Linguistic Bias in ChatGPT: Language Models Reinforce Dialect Discrimination
Eve Fleisig, Genevieve Smith, Madeline Bossi, Ishita Rustagi, Xavier Yin, Dan Klein
TL;DR
The paper investigates linguistic bias in ChatGPT across ten English dialects, revealing that standard varieties (SAE/SBE) are treated as the default and minoritized varieties face harms such as stereotyping, demeaning content, and reduced comprehension. Using a two-study design, it analyzes linguistic feature retention in default model outputs and conducts native-speaker evaluations, including scenarios where the model imitates input dialects. Findings show GPT-3.5 retains SAE/SBE features at high rates, while minoritized varieties see far lower feature retention; native speakers report harms that intensify when models imitate dialects, with GPT-4 improving some dimensions but increasing stereotyping.
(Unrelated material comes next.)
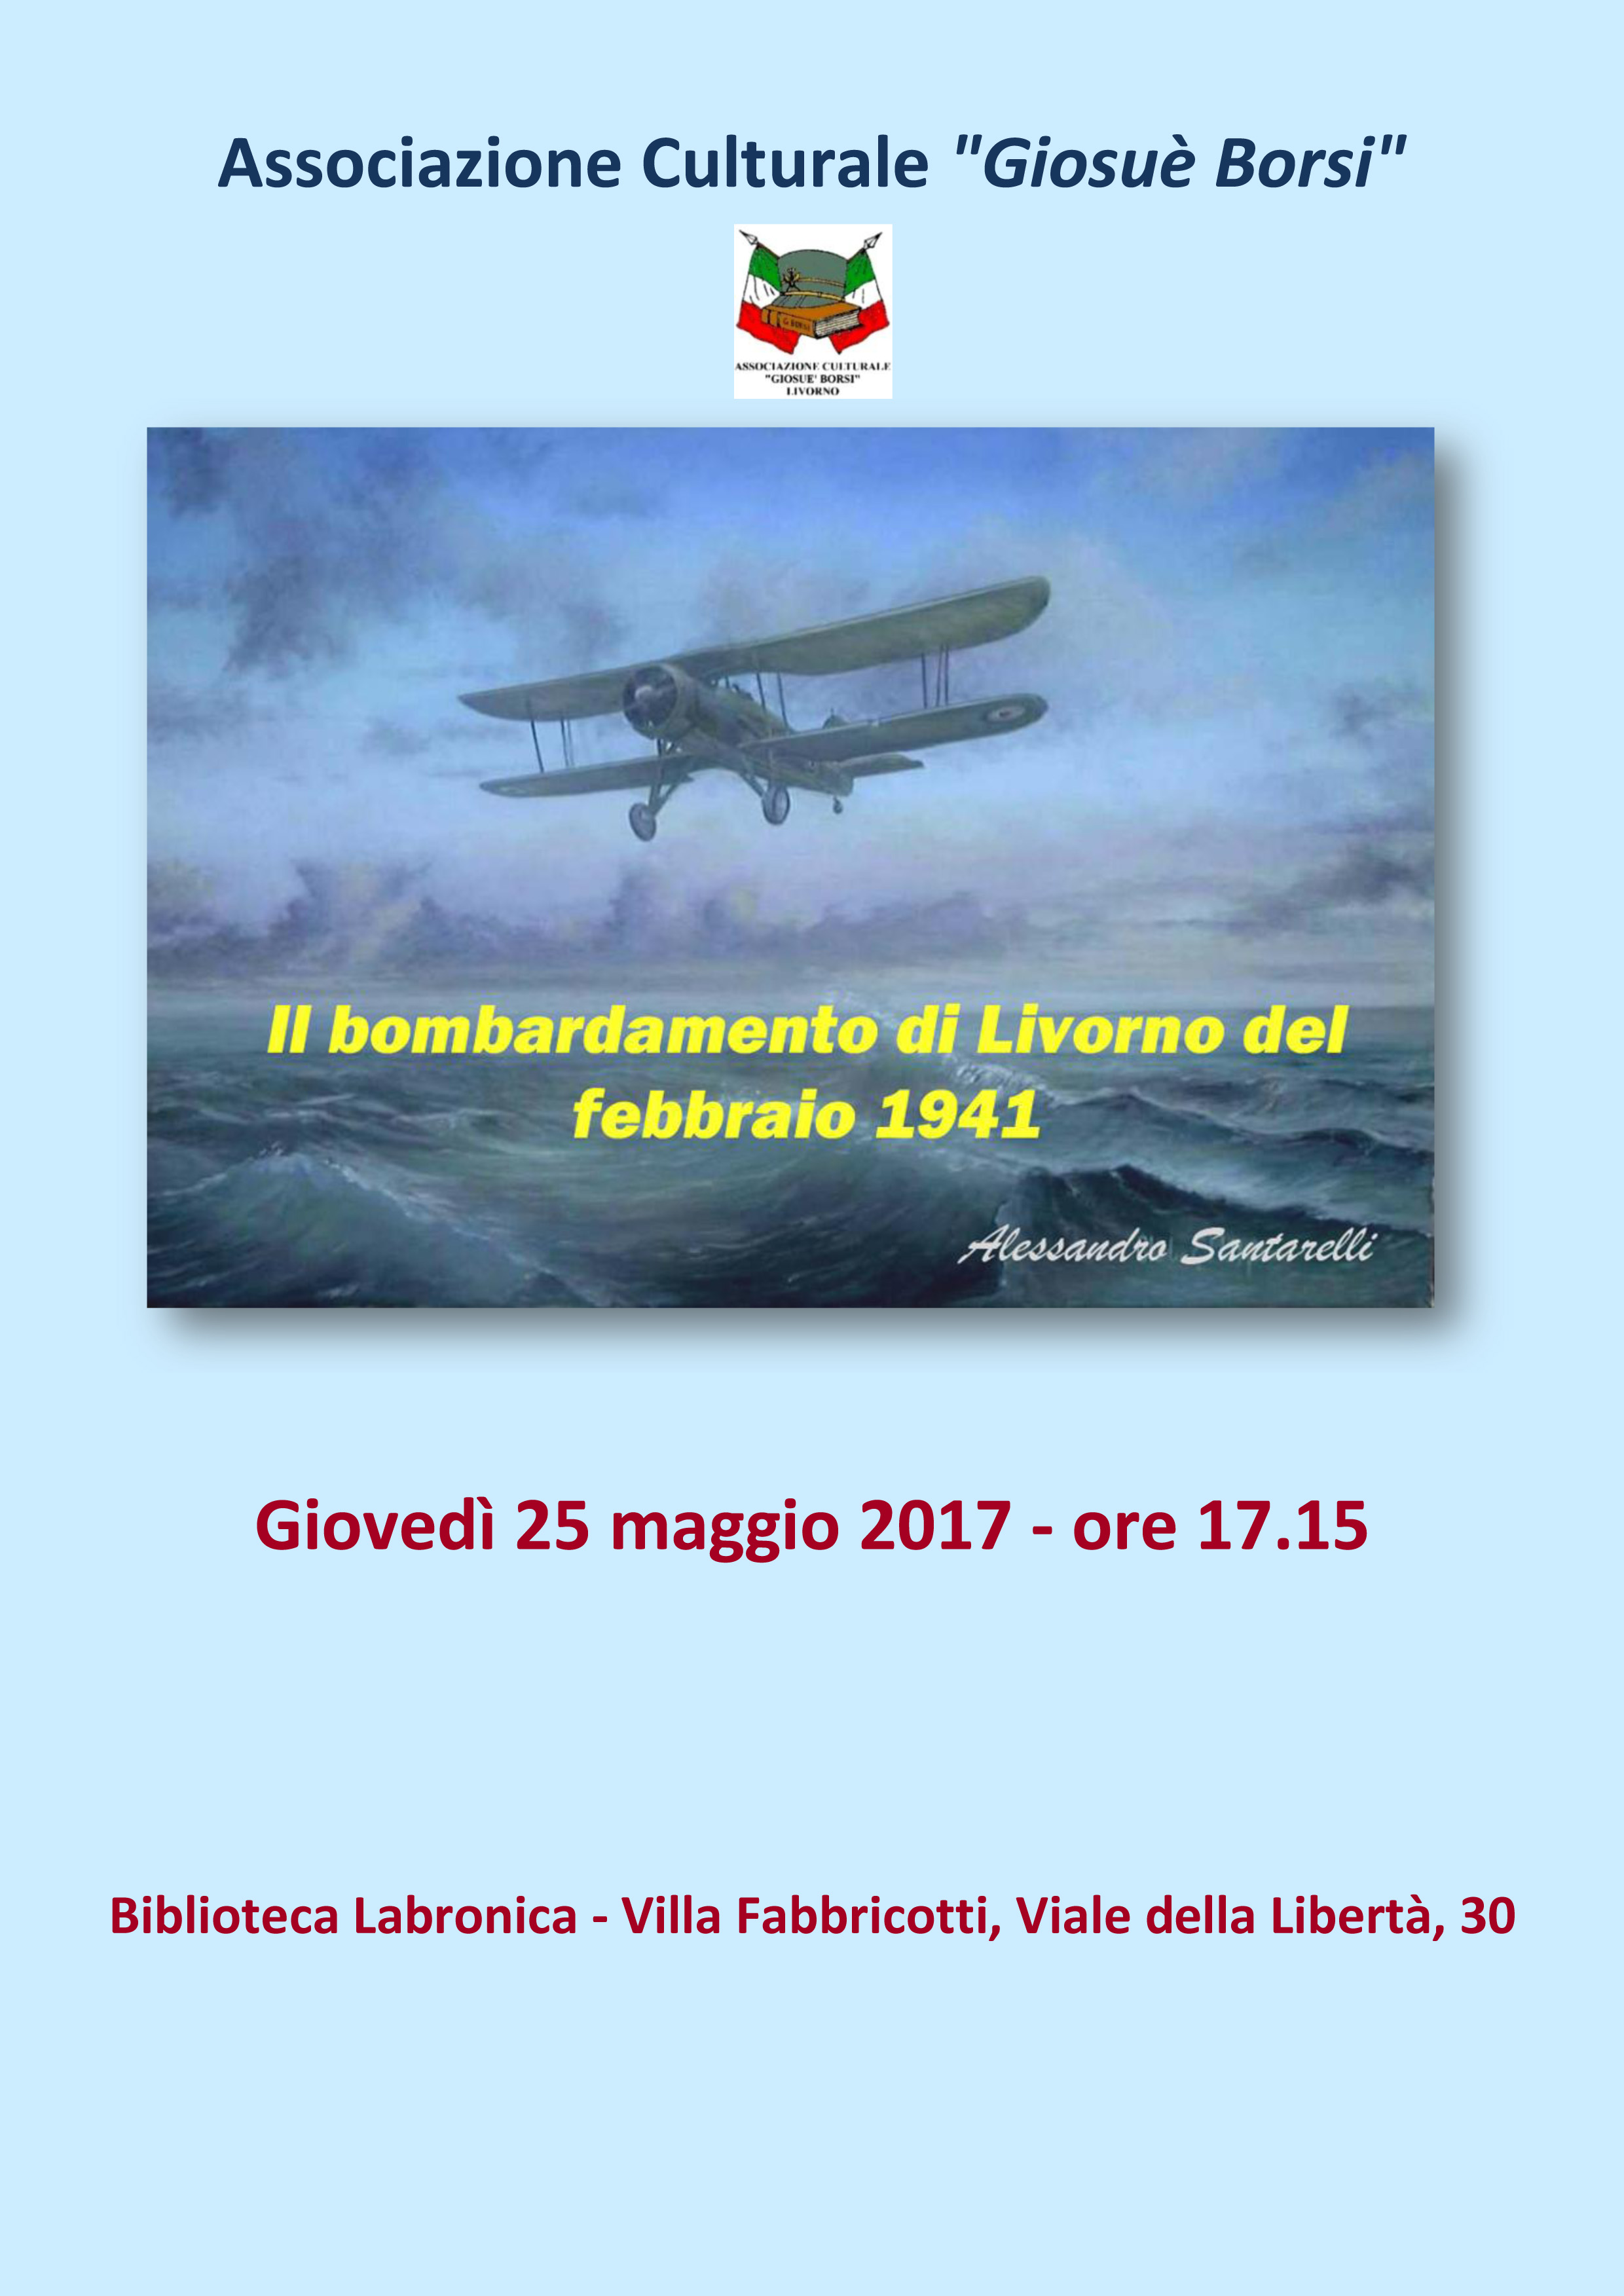 IL BOMBARDAMENTO DI LIVORNO NEL FEBBRAIO 1941, conferenza del prof. Alessandro Santarelli

The work highlights potential perpetuation of linguistic discrimination in widely used language models and underscores the need for mitigation to improve accessibility and equity for speakers of minoritized dialects. It also outlines limitations related to data sources, sampling, and ethics, pointing to avenues for broader linguistic evaluation and bias reduction in future work.
Abstract
We present a large-scale study of linguistic bias exhibited by ChatGPT covering ten dialects of English (Standard American English, Standard British English, and eight widely spoken non-"standard" varieties from around the world). We prompted GPT-3.5 Turbo and GPT-4 with text by native speakers of each variety and analyzed the responses via detailed linguistic feature annotation and native speaker evaluation. We find that the models default to "standard" varieties of English; based on evaluation by native speakers, we also find that model responses to non-"standard" varieties consistently exhibit a range of issues: stereotyping (19% worse than for "standard" varieties), demeaning content (25% worse), lack of comprehension (9% worse), and condescending responses (15% worse). We also find that if these models are asked to imitate the writing style of prompts in non-"standard" varieties, they produce text that exhibits lower comprehension of the input and is especially prone to stereotyping. GPT-4 improves on GPT-3.5 in terms of comprehension, warmth, and friendliness, but also exhibits a marked increase in stereotyping (+18%). The results indicate that GPT-3.5 Turbo and GPT-4 can perpetuate linguistic discrimination toward speakers of non-"standard" varieties.